2. Aux termes de l'article 20.1 du CCAG travaux applicable au marché en litige : " En cas de retard imputable au titulaire dans l'exécution des travaux, qu'il s'agisse de l'ensemble du marché ou d'une tranche pour laquelle un délai d'exécution partiel ou une date limite a été fixé, il est appliqué une pénalité journalière de 1/3 000 du montant hors taxes de l'ensemble du marché (...) Ce montant est celui qui résulte des prévisions du marché, c'est-à-dire du marché initial éventuellement modifié ou complété par les avenants intervenus ; il est évalué à partir des prix initiaux du marché hors TVA (...) ". Aux termes de l'article 4.2 du CCAP du marché litigieux : " (...) Par dérogation à l'article 20.1 du CCAG, en cas de non-respect des délais d'exécution du marché (...), le titulaire pourra se voir appliquer des pénalités dont le montant est fixé par jour de retard à : (...) - délai intermédiaire figurant dans le calendrier d'exécution des travaux (début et/ou fin de tâche) : 1/3000e du montant du marché (...) ". Enfin aux termes de l'article 4.4 du même document : " (...) Les pénalités pourront être indifféremment appliquées dans le cadre des décomptes mensuels et/ou dans le cadre du décompte général du marché (...) ". Il résulte des stipulations précitées que tout jour de retard constaté sur le calendrier contractuel d'exécution des travaux peut engendrer, à l'appréciation du maître de l'ouvrage, des pénalités de retard.

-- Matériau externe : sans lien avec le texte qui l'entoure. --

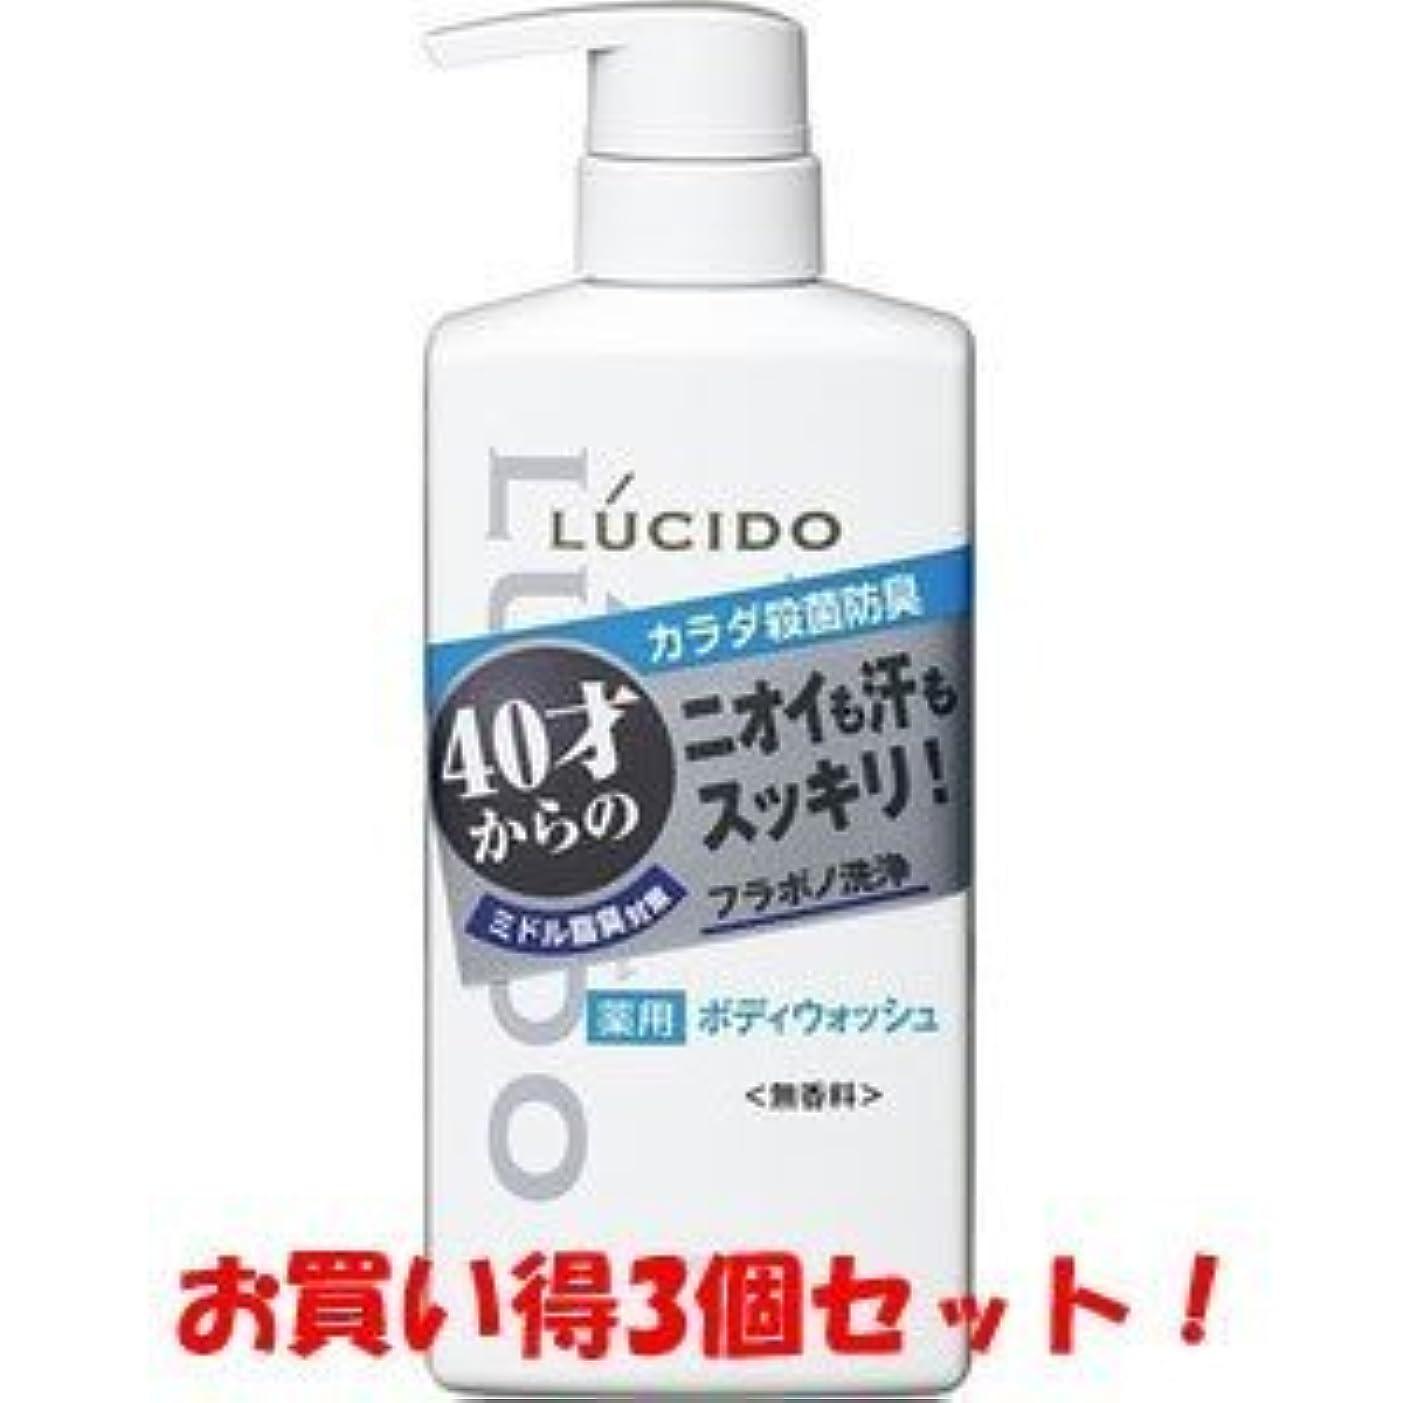 ファントムズボン表面的な【LUCIDO】ルシード 薬用デオドラントボディウォッシュ 450ml(医薬部外品)(お買い得3個セット)

3. Il résulte de l'instruction, notamment du courrier du 18 juillet 2017, que l'Université Clermont-Auvergne a décompté à la fin de l'exécution des travaux, un retard de 1 424 jours qu'elle a considéré comme imputable à la société Mazet SAS dans l'exécution des travaux figurant au calendrier contractuel d'exécution recalé en cours de chantier et notifié par ordre de service du 8 mars 2016. Il résulte par ailleurs de l'instruction que, faisant usage de la faculté que lui ouvrait l'article 4.2 du CCAP, le maître de l'ouvrage a, dans le projet décompte général, limité les pénalités à 40 812,50 euros sanctionnant un retard réduit à 323 jours.

4. Or, la société Mazet SAS ne conteste pas ni que ce reliquat recouvre 137 jours et 186 de retard ayant affecté, respectivement, les peintures et plafonds du logement et la mise en peinture de la zone ERP, ni que la méconnaissance du calendrier contractuel dans l'exécution de ces deux tâches lui soit entièrement imputable. Par ailleurs, dans son courriel du 19 mars 2018, le maître d'œuvre se borne à informer l'entreprise qu'elle peut intégrer à son projet de décompte une demande de remise des pénalités sans prendre d'engagement sur la suite qui lui sera donnée. La société Mazet SAS ne peut, dès lors, se prévaloir d'une manifestation d'intention du maître de l'ouvrage de renoncer à la totalité des pénalités de retard et n'est pas fondée à soutenir que c'est à tort que le tribunal a rejeté ses conclusions aux fins de réintégration à son crédit de la somme de 40 812,50 euros.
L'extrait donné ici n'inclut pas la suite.